Possible configurations using 4 physical disks:

Configuration

Number of disks

Available space

Max Reads/Sec

Max Writes/Sec

Single disk

1

4 GB

60

60

RAID0

4

16 GB

240

240

RAID1

4

8 GB

240 (2 arrays)

120 (2 arrays)

RAID5

4

12 GB

180

60

Possible configurations using 6 physical disks:

Configuration

Number of disks

Available space

Max Reads/Sec

Max Writes/Sec

Single disk

1

4 GB

60

60

RAID0

6

24 GB

360

360

RAID1

6

12 GB

360 (3 arrays)

180 (3 arrays)

RAID5

6

20 GB

300

90


As can be seen from the charts, RAID0 offers good read and write performance, but no fault tolerance.
RAID1 offers good read performance, and half as much write performance, but provides fault-tolerance.
RAID5 reclaims most of the space lost to RAID1, provides fault-tolerance, offers reasonably good read performance, but poor write performance. (In fact, RAID5 requires 4 disks to regain the same write performance as a single disk). Also, note that streaming logical writes, as well as block-level logical writes, to RAID5 arrays are handled as block-level physical writes. Finally, read or write workload capacity can be increased in any RAID configuration by adding physical disks.

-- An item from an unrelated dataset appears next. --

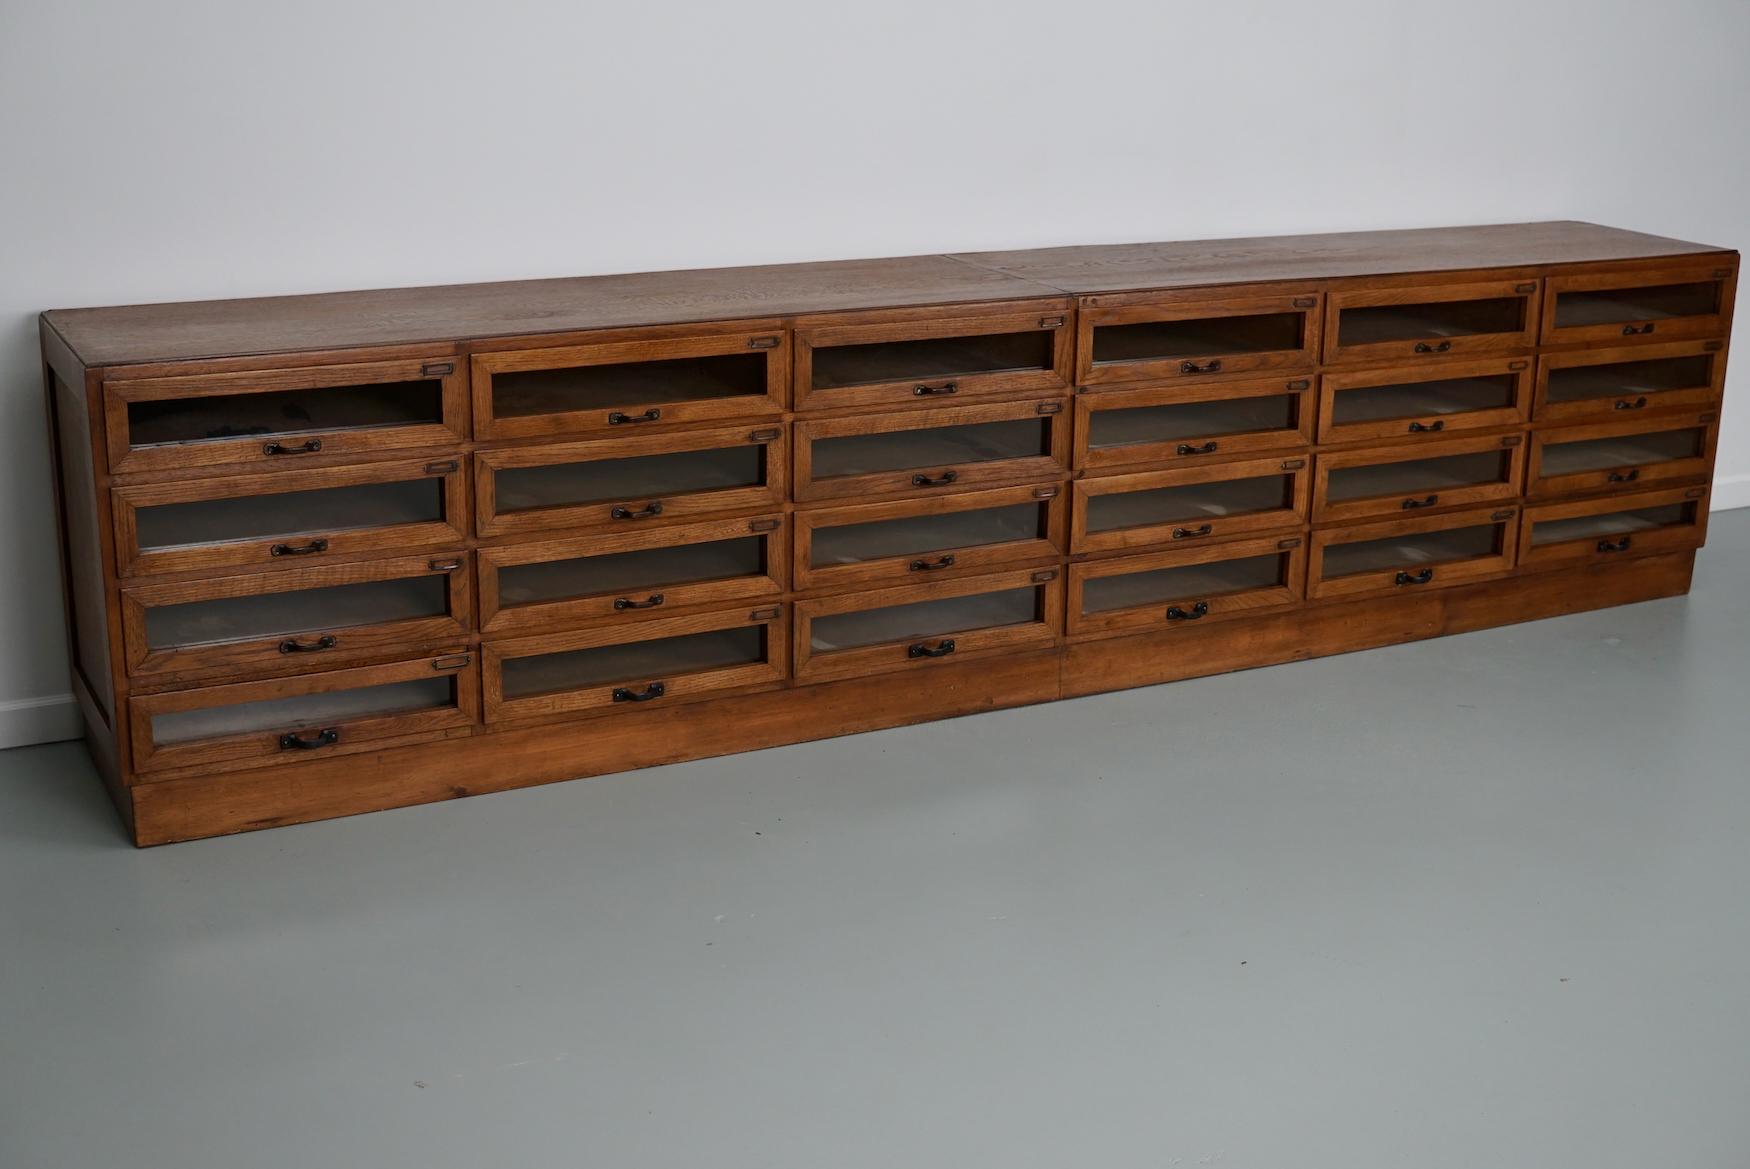 Ce meuble de mercerie a été fabriqué dans les années 1950 aux Pays-Bas. Il comprend 24 grands tiroirs en chêne avec des façades en verre et des poignées en métal. Les dimensions intérieures des tiroirs sont les suivantes DWH 40 x 45 x 10,5 cm.

The RAID "hierarchy" begins with RAID 0 (striping) and RAID 1 (mirroring). Combining RAID 0 and RAID 1 is called RAID-0+1 or RAID-1+0, depending on how you combine them. (RAID 0+1 is also called RAID-01, and RAID-1+0 is also called RAID-10.) The performance of RAID-10 and RAID-01 are identical, but they have different levels of data integrity.

RAID-01 (or RAID 0+1) is a mirrored pair (RAID-1) made from two stripe sets (RAID-0); hence the name RAID 0+1, because it is created by first creating two RAID-0 sets and adding RAID-1. If you lose a drive on one side of a RAID-01 array, then lose another drive on the other side of that array before the first side is recovered, you will suffer complete data loss. It is also important to note that all drives in the surviving mirror are involved in rebuilding the entire damaged stripe set, even if only a single drive was damaged. Performance during recovery is severely degraded during recovery unless the RAID subsystem allows adjusting the priority of recovery. However, shifting the priority toward production will lengthen recovery time and increase the risk of the kind of the catastrophic data loss mentioned earlier.

RAID-10 (or RAID 1+0) is a stripe set made up from N mirrored pairs. Only the loss of both drives in the same mirrored pair can result in any data loss and the loss of that particular drive is 1/Nth as likely as the loss of some drive on the opposite mirror in RAID-01. Recovery only involves the replacement drive and its mirror so the rest of the array performs at 100% capacity during recovery. Also since only the single drive needs recovery bandwidth requirements during recovery are lower and recovery takes far less time reducing the risk of catastrophic data loss.

The most appropriate RAID configuration for a specific filesystem or database table space must be determined based on data access patterns and cost versus performance tradeoffs. RAID-0 offers no increased reliability. It can, however, supply performance acceleration at no increased storage cost. RAID-1 provides the highest performance for redundant storage, because it does not require read-modify-write cycles to update data, and because multiple copies of data may be used to accelerate read-intensive applications. Unfortunately, RAID-1 requires at least double the disk capacity of RAID-0. Also, since more than two copies of the data exist, RAID-1 arrays may be constructed to endure loss of multiple disks without interruption. Parity RAID allows redundancy with less total storage cost. The read-modify-write it requires, however, will reduce total throughput in any small write operations (read-only or extremely read-intensive applications are fine). The loss of a single disk will cause read performance to be degraded while the system reads all other disks in the array and recomputes the missing data. Additionally, it does not support losing multiple disks, and cannot be made redundant.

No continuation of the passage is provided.